To do that, you can use either ndmpcopy or lun copy commands to perform the first stage. And if you want to restore only some files from an old version of the LUN from a snapshot, you need to map that copy to a host and copy required data back to active LUN.

Application consistent storage snapshots 

Why do you need application consistency in the first place? Sometimes, in an environment like the NAS file share with doc files, etc., you do not need that at all. But if you are using applications like Oracle DB, MS SQL or VMWare you’d better have application consistency. Imagine you have a Windows machine and you are pulling hard drive while Windows is running, let’s forget for a moment that your Windows will stop working, this is not the point here, and let’s focus on data protection side of that. The same happens when you are creating a storage snapshot, data captured in that snapshot will be similarly not complete. Will the pulled off hard drive be a proper copy of your data? Kind of, right? Because some of the data will be lost in host memory and your FS probably will not be consistent, and even though you’ll be able to restore logged file system, your application data will be damaged in a way it hard to restore, because against of the data lost from host memory. Similarly, snapshots will contain probably damaged FS, if you try to restore from such a copy, your Windows might not start, or it might start after FS recheck, but your applications especially Data Bases definitely will not like such a backup. Why? Because most probably you’ll get your File System corrupted because applications and OS which were running on your machine didn’t have a chance to destage data from memory to your hard drive. So, you need someone who will prepare your OS & applications to create a backup. As you may know, application consistent storage hardware snapshots can be created by backup software like Veeam, Commvault, and many others, or you even can trigger a storage snapshot creation yourself with relatively simple Ansible or PowerShell script. Also, you can do application-consistent snapshots with free NetApp SnapCreator software framework, unlike SnapCenter, it does not have a simplistic and straight-forward application GUI wizards which help to walk you through with the process of integration with your app. Most times, you have to write a simple script for your application to benefit online & application-consistent snapshots, another downside that SnapCreator is not officially supported software. But at the end of the day, it is relatively easy setup, and it will definitely pay you off once you finish setting up.

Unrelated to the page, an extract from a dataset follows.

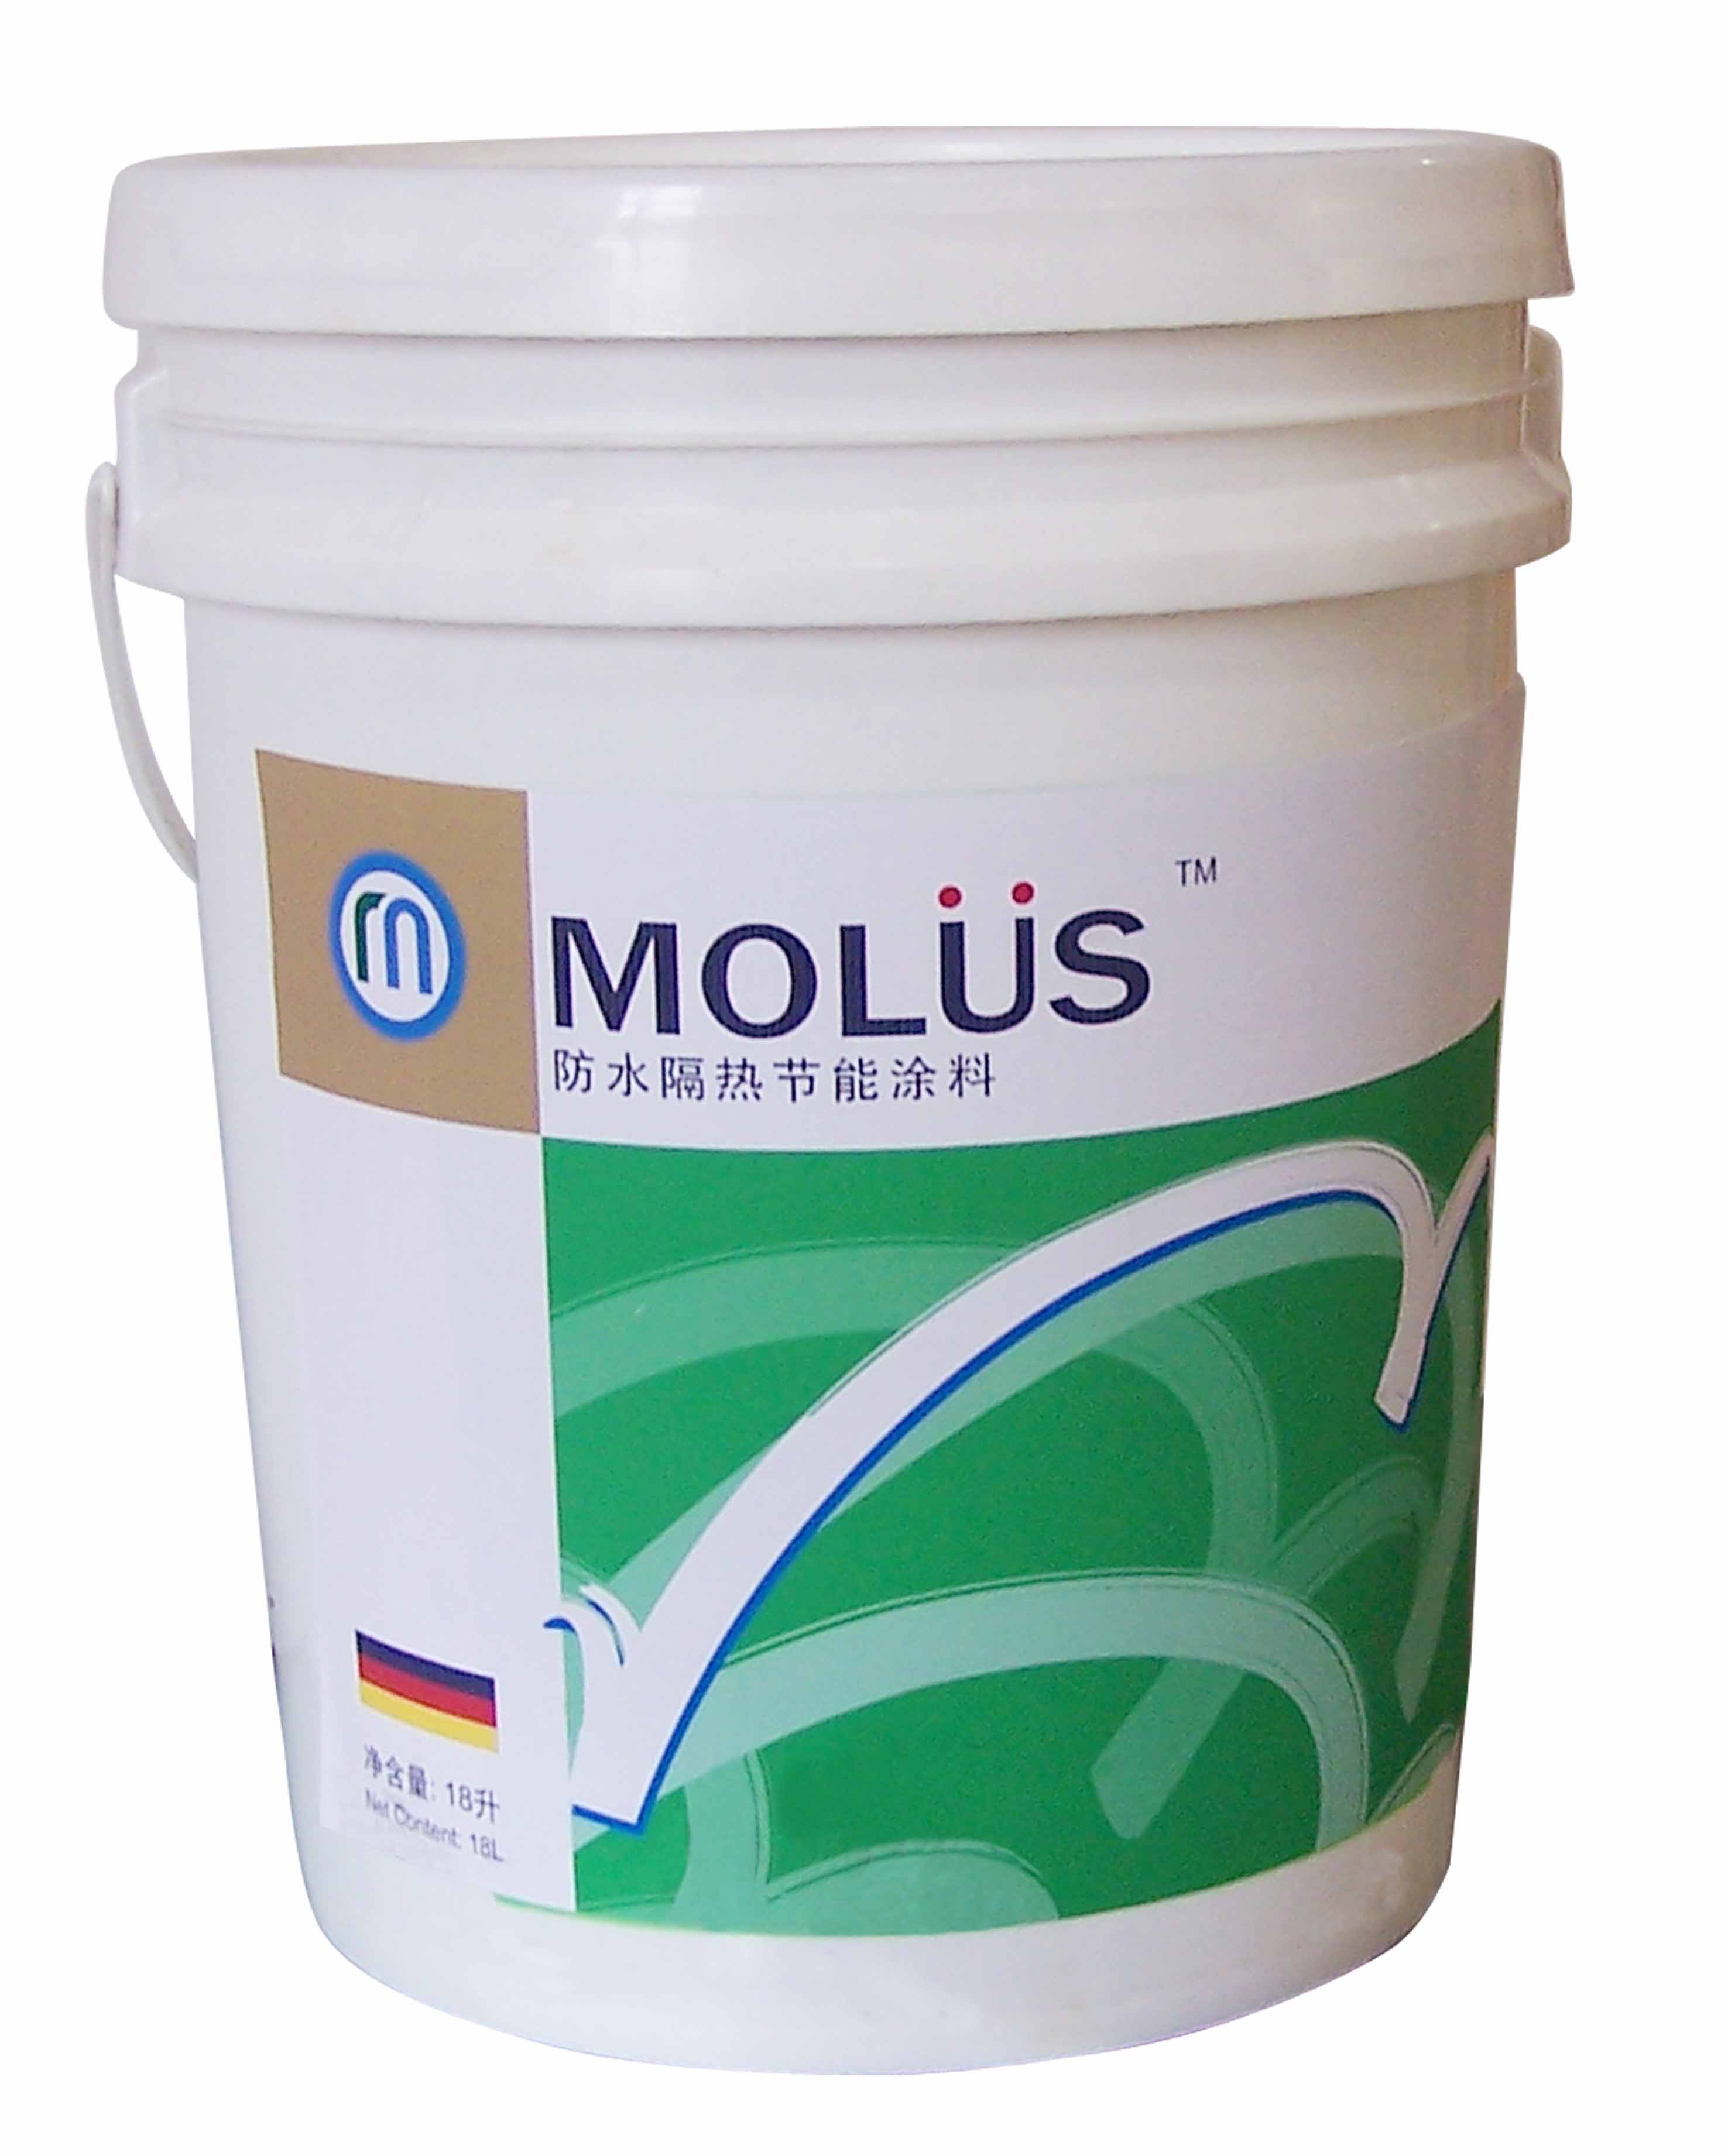 molus heat-insulation coating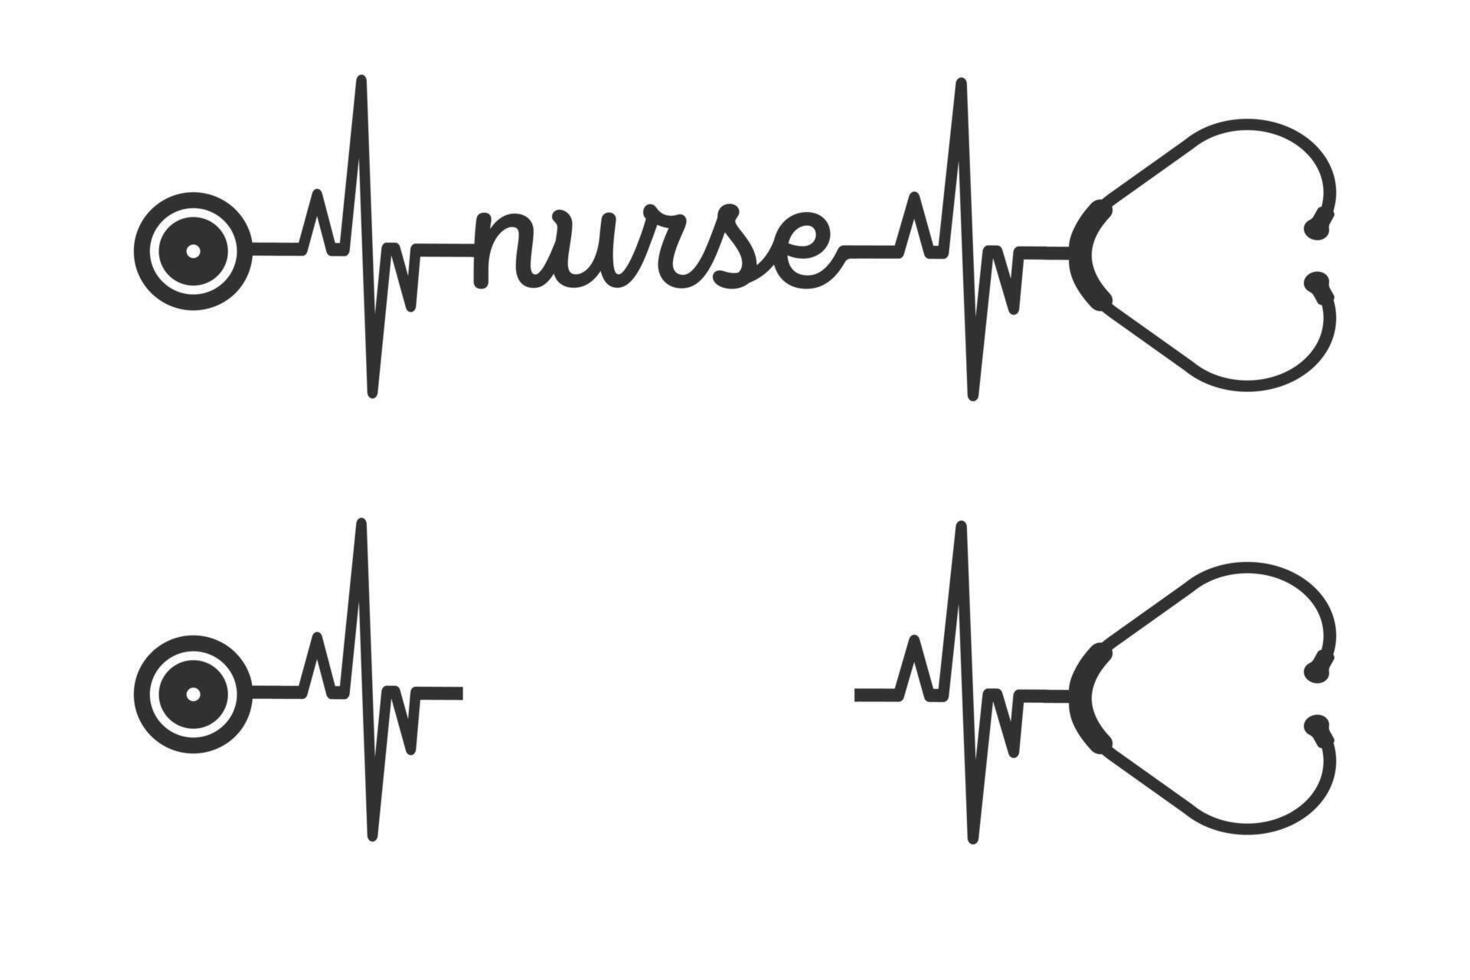 Nurse Typography Design Vector, Medical Stethoscope with Nurse typography, Nurse Typography with Stethoscope Vector Illustration, Stethoscope heartbeat, Nurse typography with nurse cap

List of other software features available in Basic software

This Basic ONTAP functionality also might be useful: 

  • Horizontal scaling, nod-disruptive operations such as online volume & LUN migration, non-disruptive upgrade with adding new nodes to the cluster
  • API automation
  • FPolicy file screening
  • Create snapshots to improve RPO
  • Storage efficiencies: Deduplication, Compression, Compaction
  • By default ONTAP deduplicate data across active file system and all the snapshots on the volume. Savings from the snapshot data sharing is a magnitude of number of snapshots: the more snapshots you have, the more savings you’ll have
  • Storage Multi-Tenancy
  • QoS Maximum
  • External key manager for Encryption
  • Host-based MAX Data software which works with ONTAP & SAN protocols
  • You can buy FlexArray license to virtualize 3rd party storage systems
  • If you have an All Flash system, then you can purchase additional FabricPool license which is useful especially with snapshots, because it is destaged cold data to cheap storage like AWS S3, Google Cloud, Azure Blob, IBM Cloud, Alibaba Cloud or on-premise StorageGRID system, etc.

Summary

Even Basic software has a reach functionality on your ONTAP system, you definitely should use NetApp snapshots, and set up application integration to make your snapshot application consistent. With hardware NetApp storage snapshots, you can have 1023 snapshots per volume, create them as fast as you need without sacrificing storage performance, so snapshots will increase your RPO. Application consistency with SnapCreator or any other 3rd party backup software will build confidence that all the snapshots can be restorable when needed.

ONTAP and ESXi 6.х tuning

This article will be useful to those who own an ONTAP system and ESXi environment.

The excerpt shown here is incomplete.